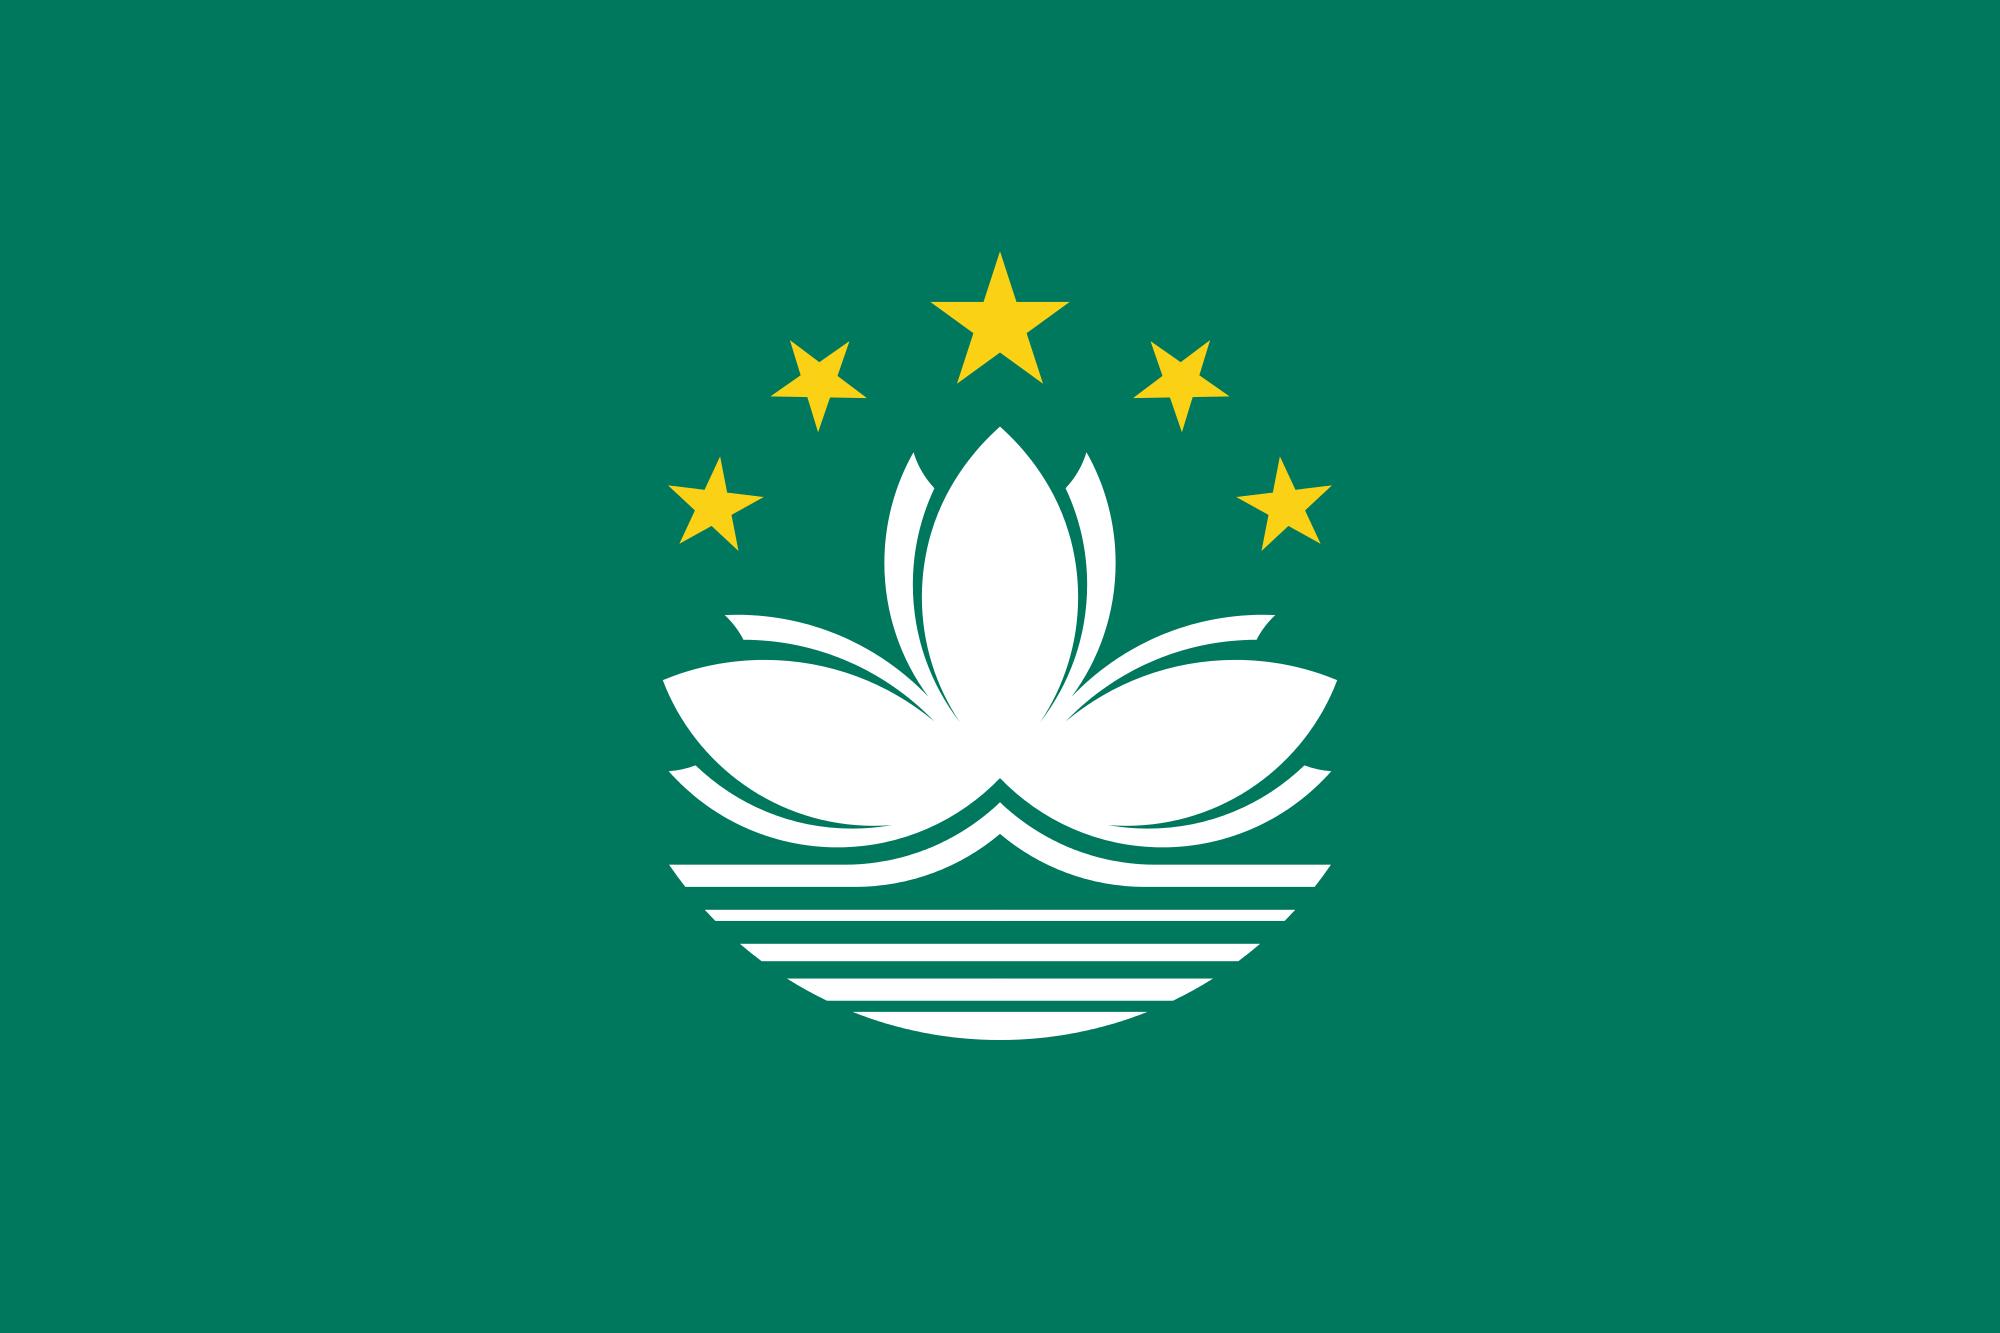 파일:마카오 특별행정구기.png
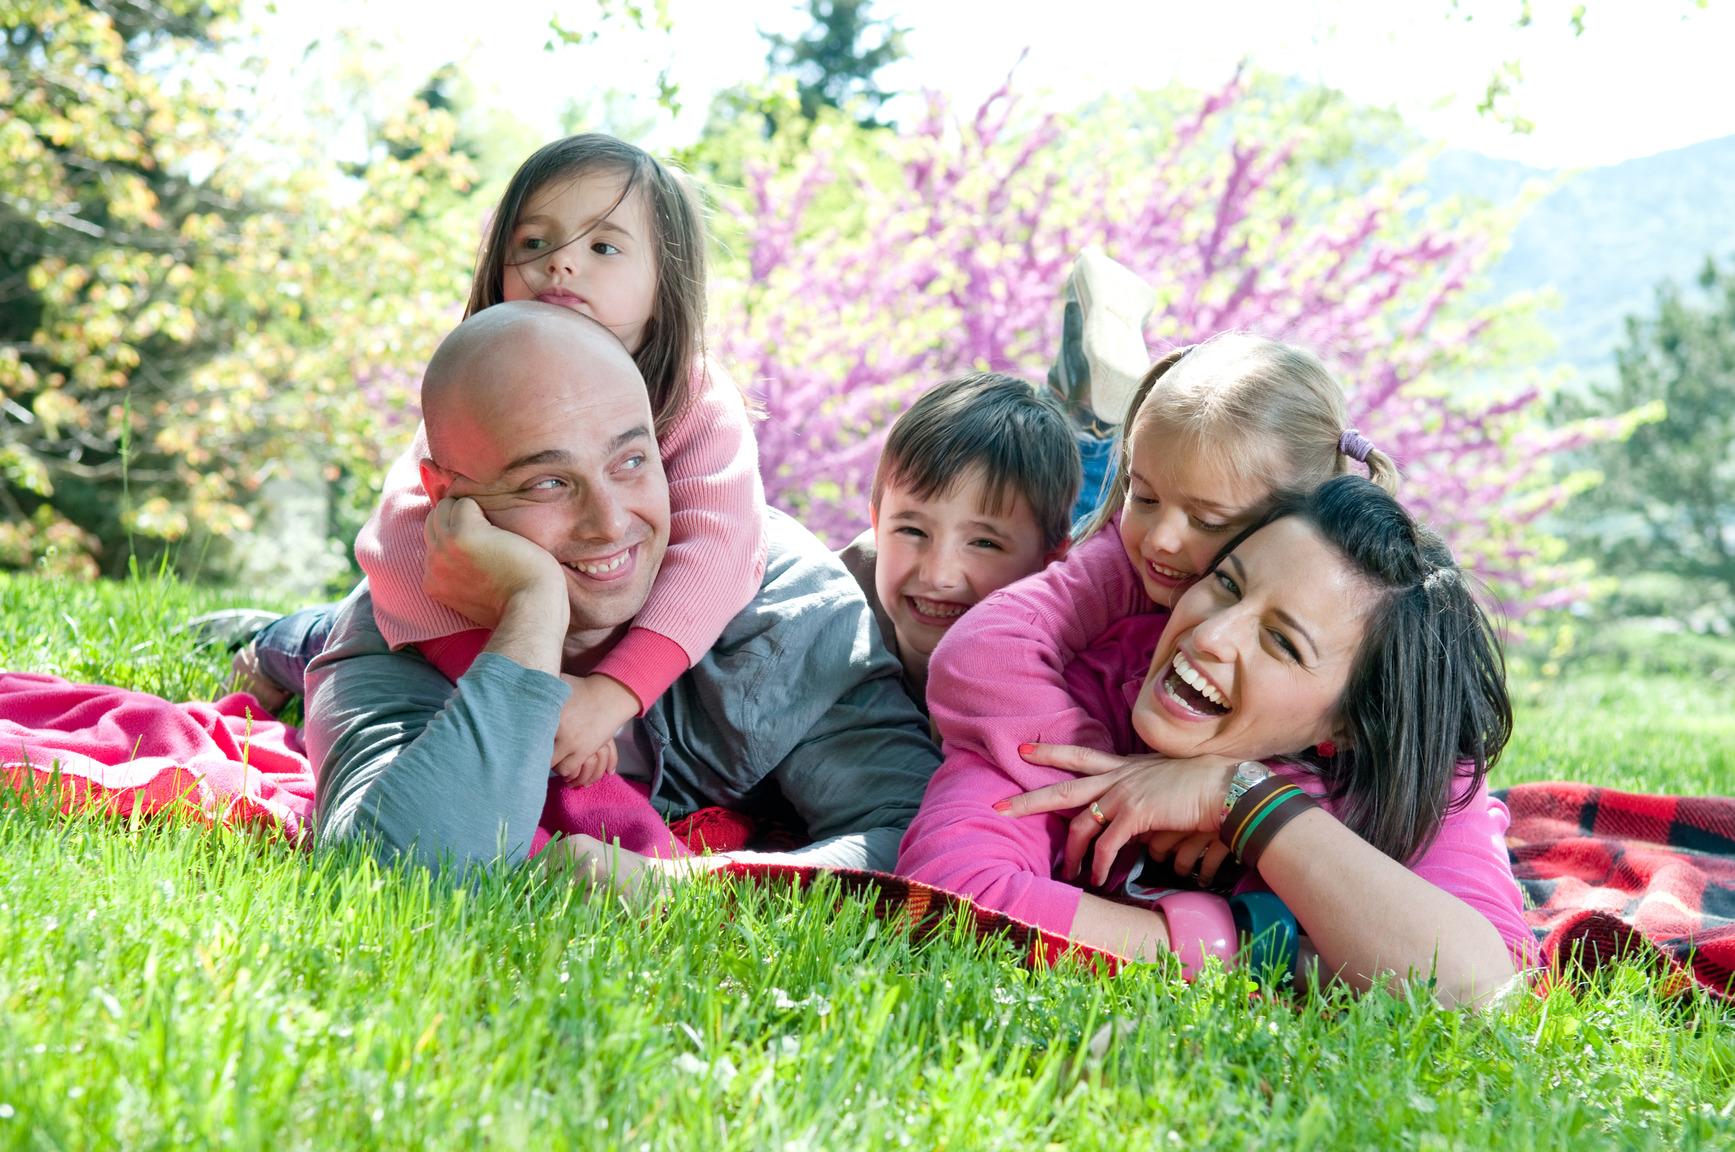 Provodite više vremena sa svojom porodicom
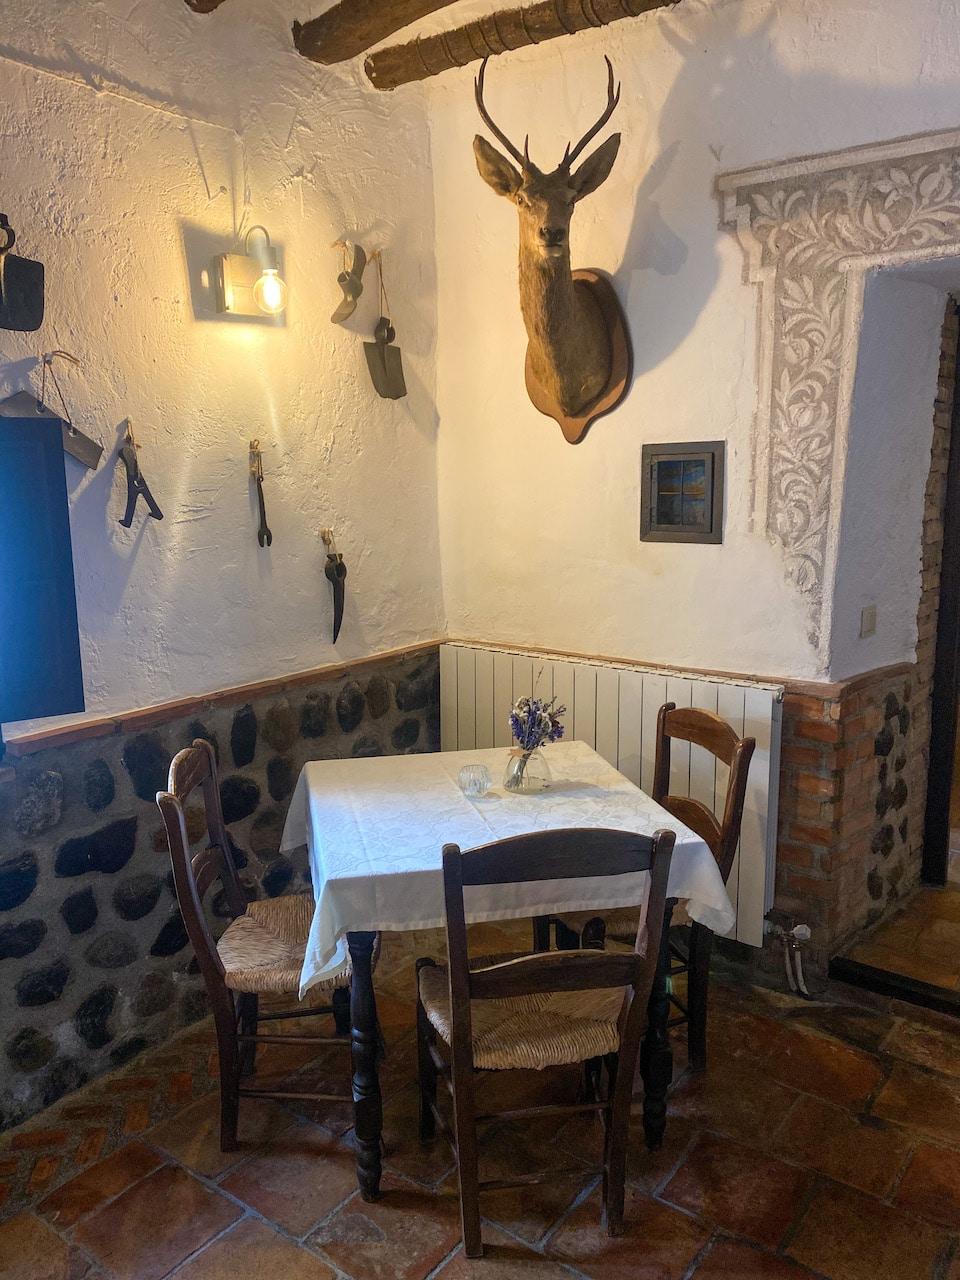 restaurantAlqueria de Los Lento - restaurants in Valle de Lecrin
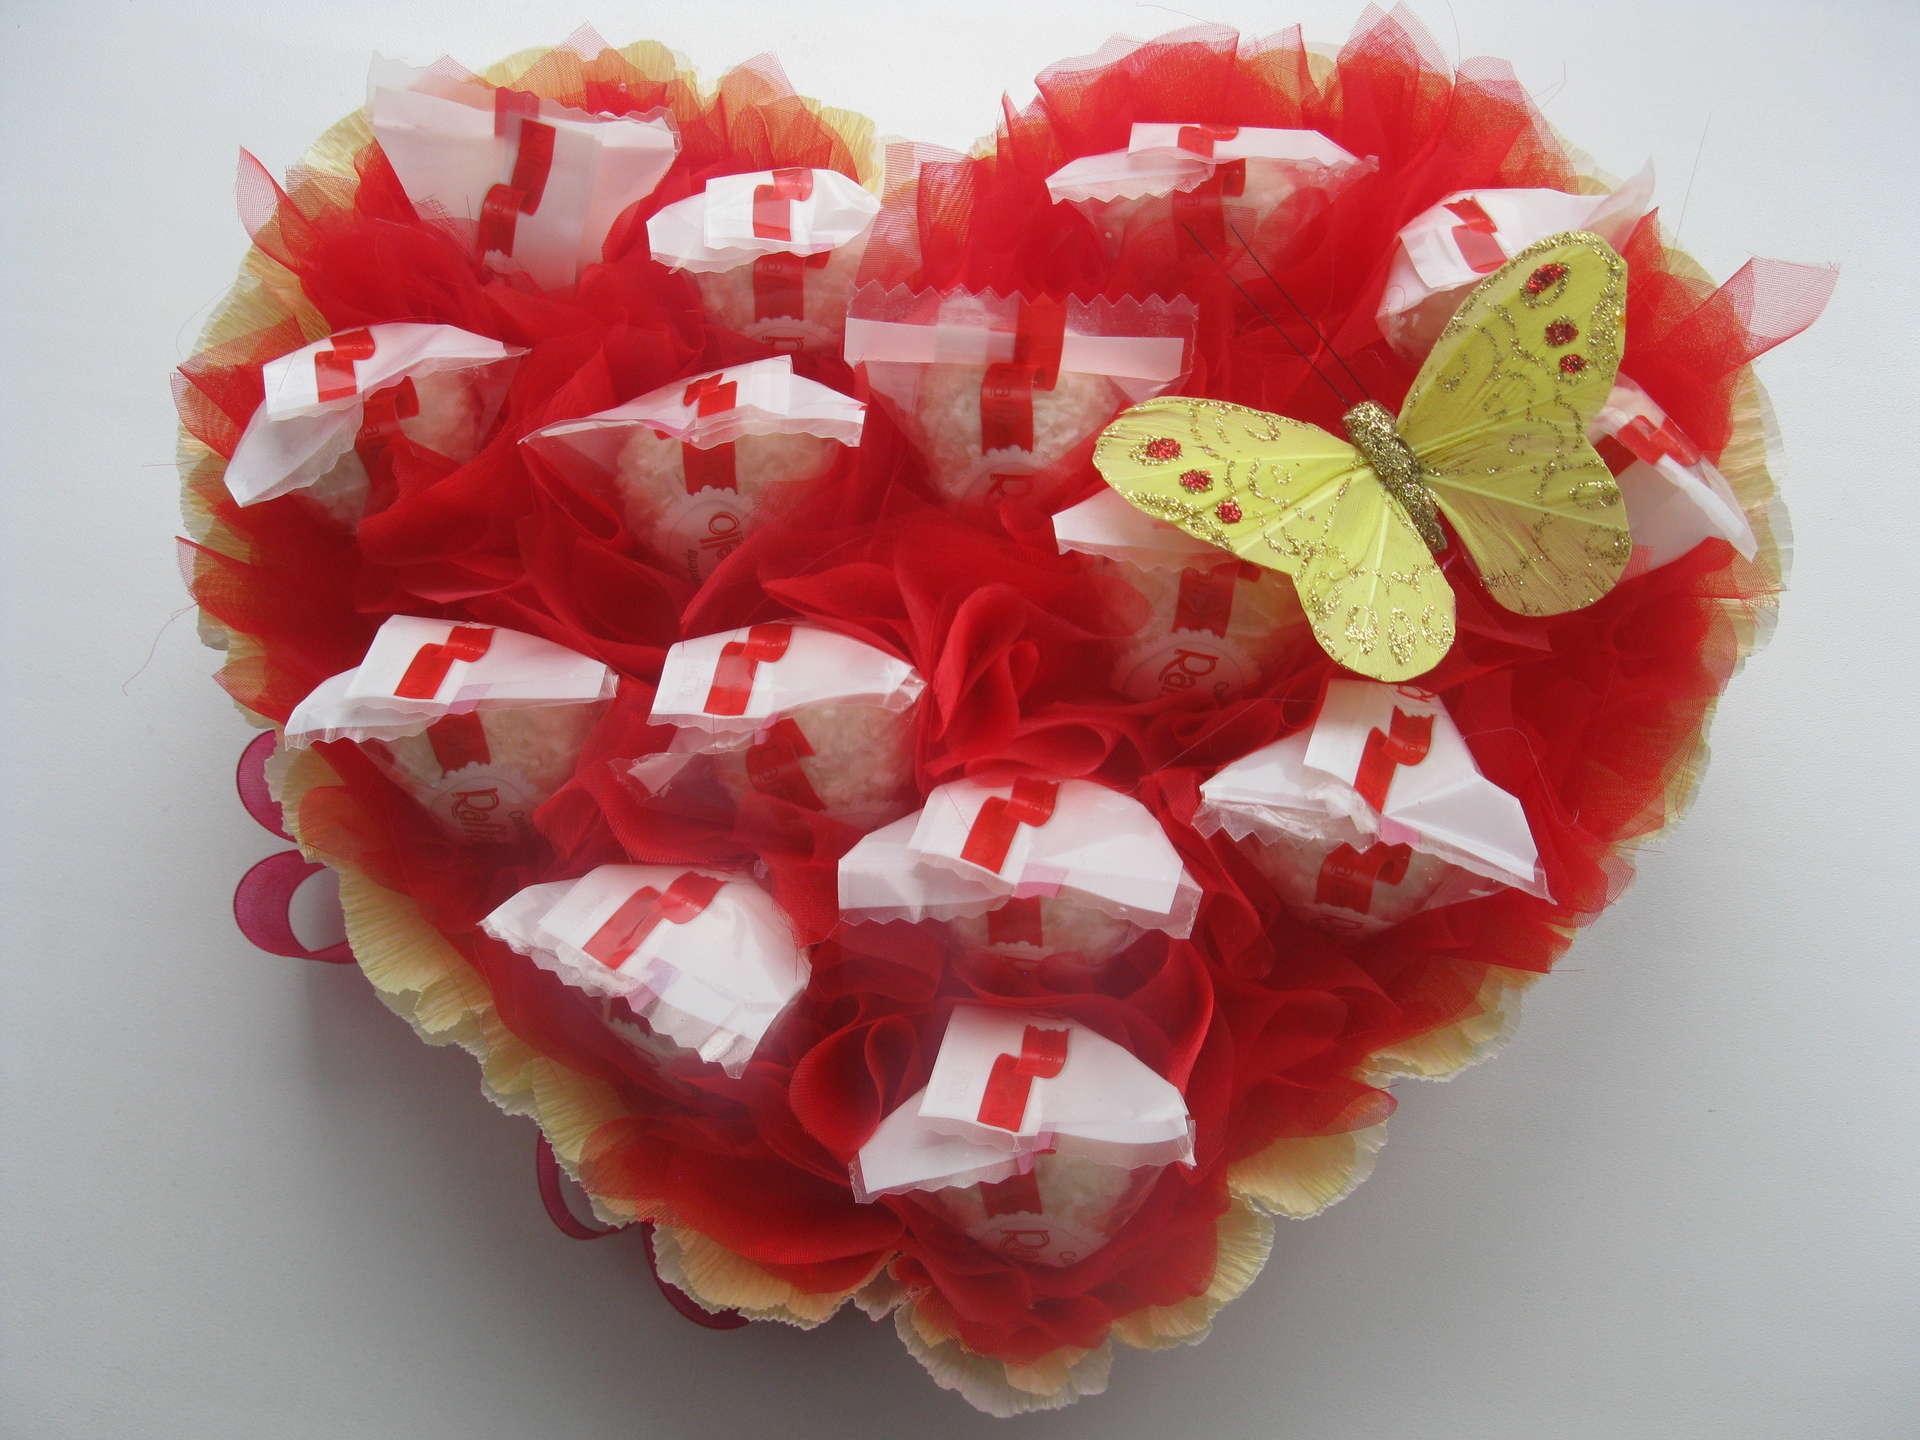 Сладкий подарок своими руками ко дню святого валентина

ACTIVITY: Leaving all pictures aside, print exactly the lines from the one that contains "Provodite više vremena sa svojom porodicom" through the last line of the data above, inclusive.

TASK SOLUTION:
 Provodite više vremena sa svojom porodicom
 restaurantAlqueria de Los Lento - restaurants in Valle de Lecrin
 Сладкий подарок своими руками ко дню святого валентина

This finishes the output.